# need advice please



## Chadi (Feb 27, 2007)

My Car:

350Z 2006 Hatchback (no navigation / no bose system)

Desires (Advice Needed Here):

- smoothest, slickest clutch / shifter available
- hottest NON-blingbling rims preferrably with 19" tires (like the one shown here (350Z Forums, Gallery, News, Forum, DIY, Performance, Parts and More | 350Zclub.org.)
- awesome stereo / speaker system with surround sound, navigation, dvd player.

For the stereo, I need best quality stereo, speakers, amplifier. It must be mp3 capable, dvd able and navigation I don't care for, but do not mind getting.

My car is blue, same as in the picture shown in the link above.

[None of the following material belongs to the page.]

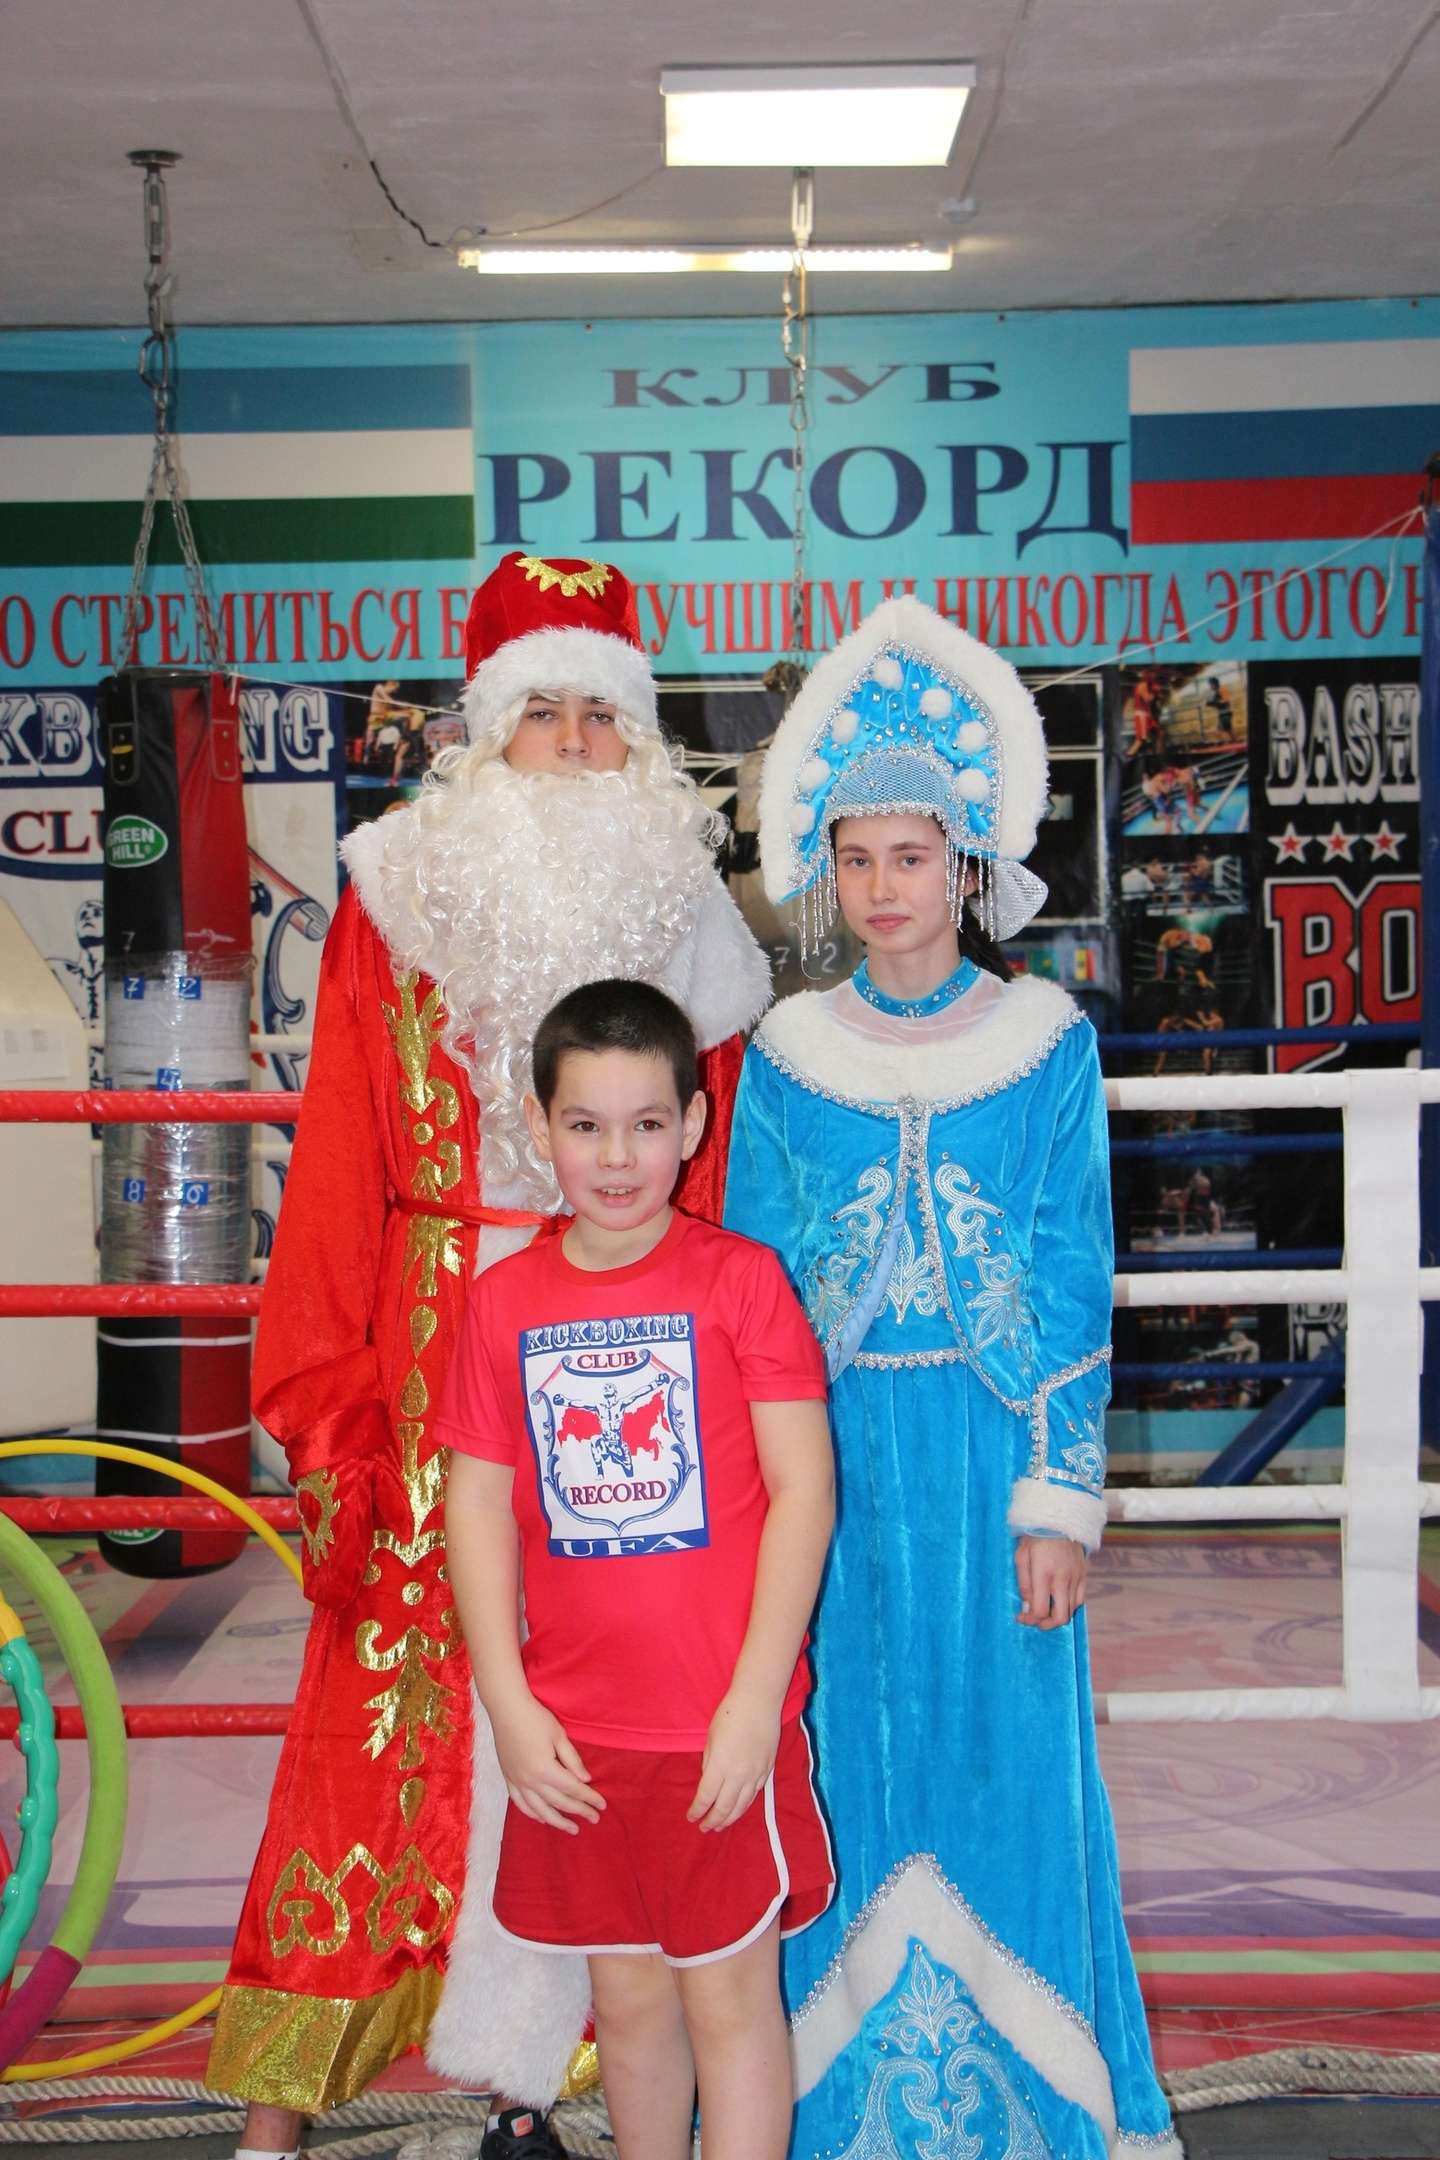 Тренировки ребят посетили дед Мороз и Снегурочка 😊😊😊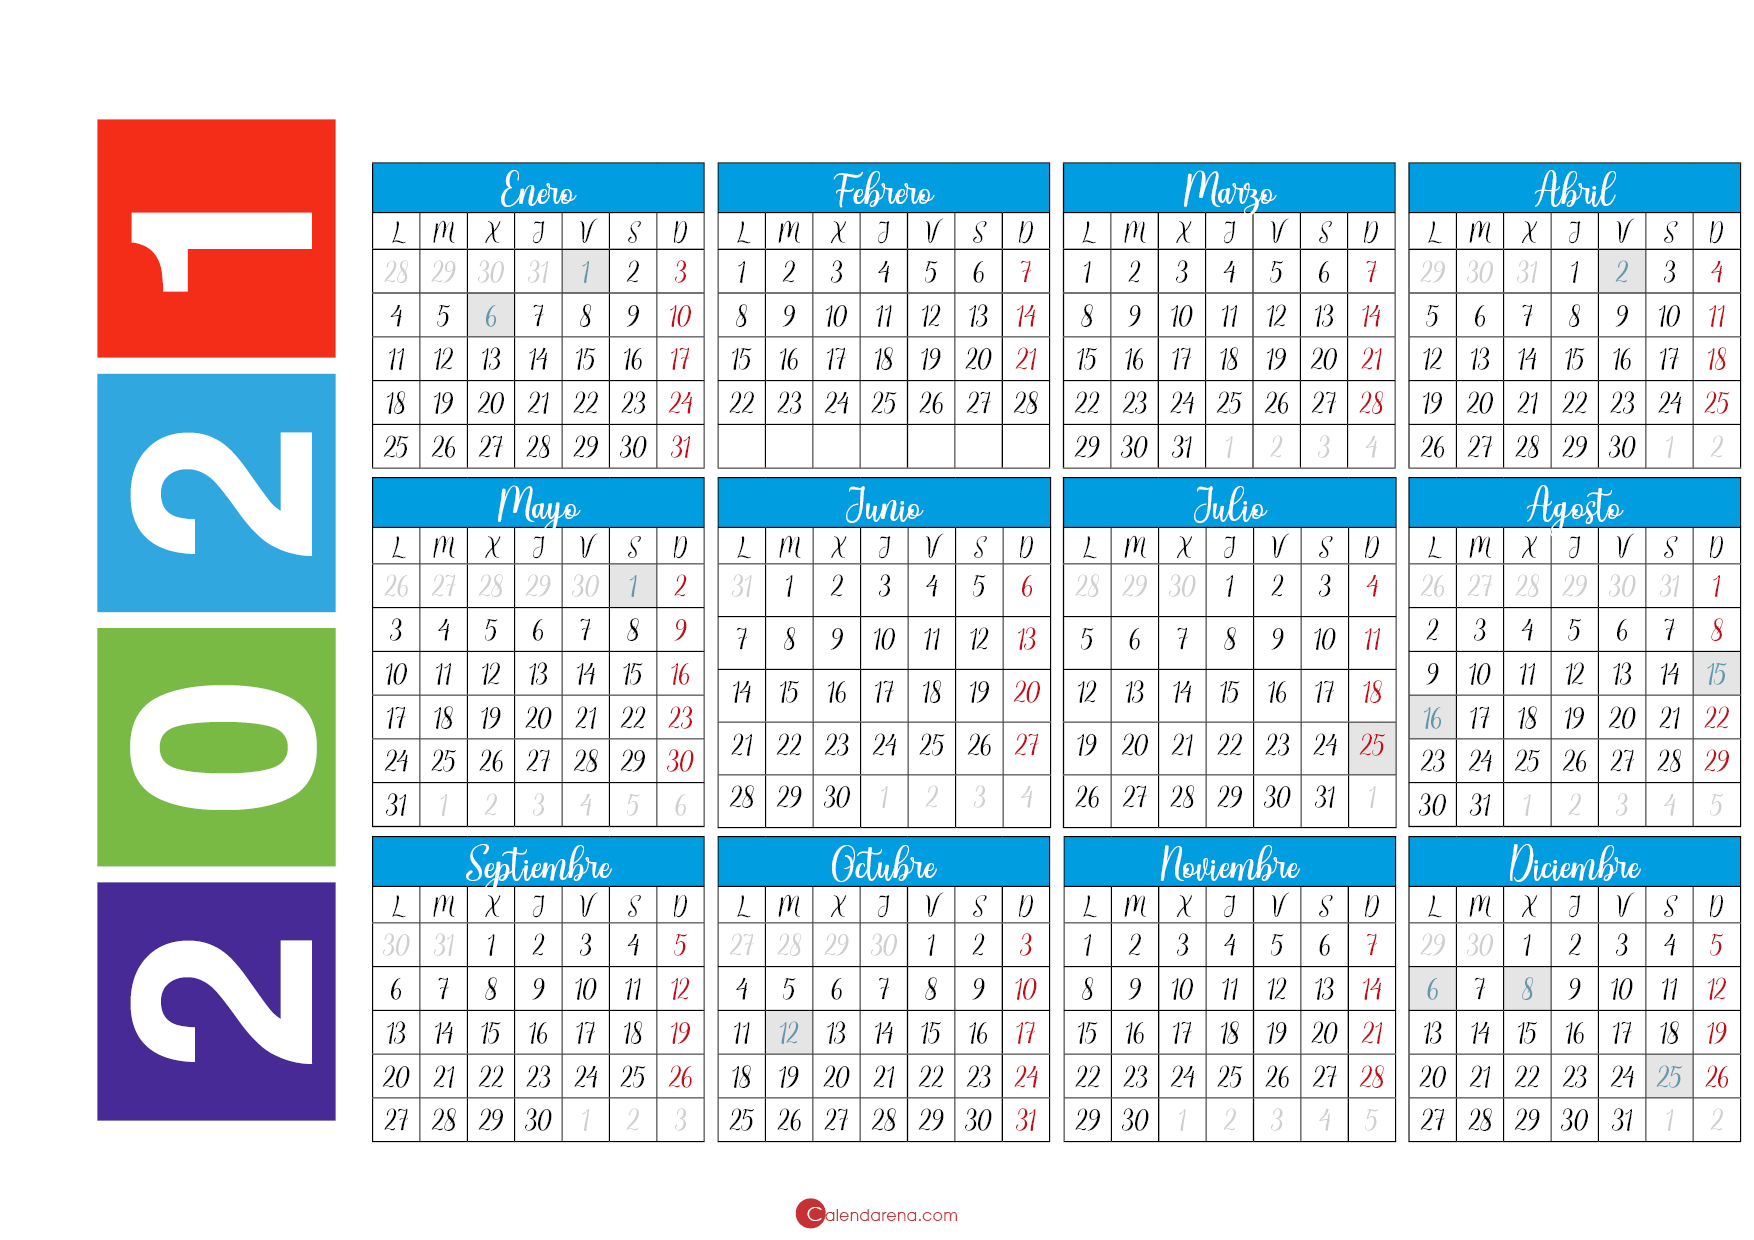 Calendario 2021 Psd Calendario Para Photoshop Bonito Para Imprimir

Budget is not a problem. Please share your suggestions. I don't care for boom boxes or giant amplifiers. I really want a nice stereo that looks clean and crisp like the factory one, even though the factory one's quality is poor. I don't want it to look cheesy and mis-matching the car's interior like 99% of the systems do.

Here's something I need to know. Why the heck is the VW 2006 Jetta Sport (exactly what I drove the other day) has such as sweet shifter and clutch in comparison to the 350z Enthusiast (my car) which costs at least $5k more? I'm not understanding this at all. Am I missing something about why Nissan did it this way?


----------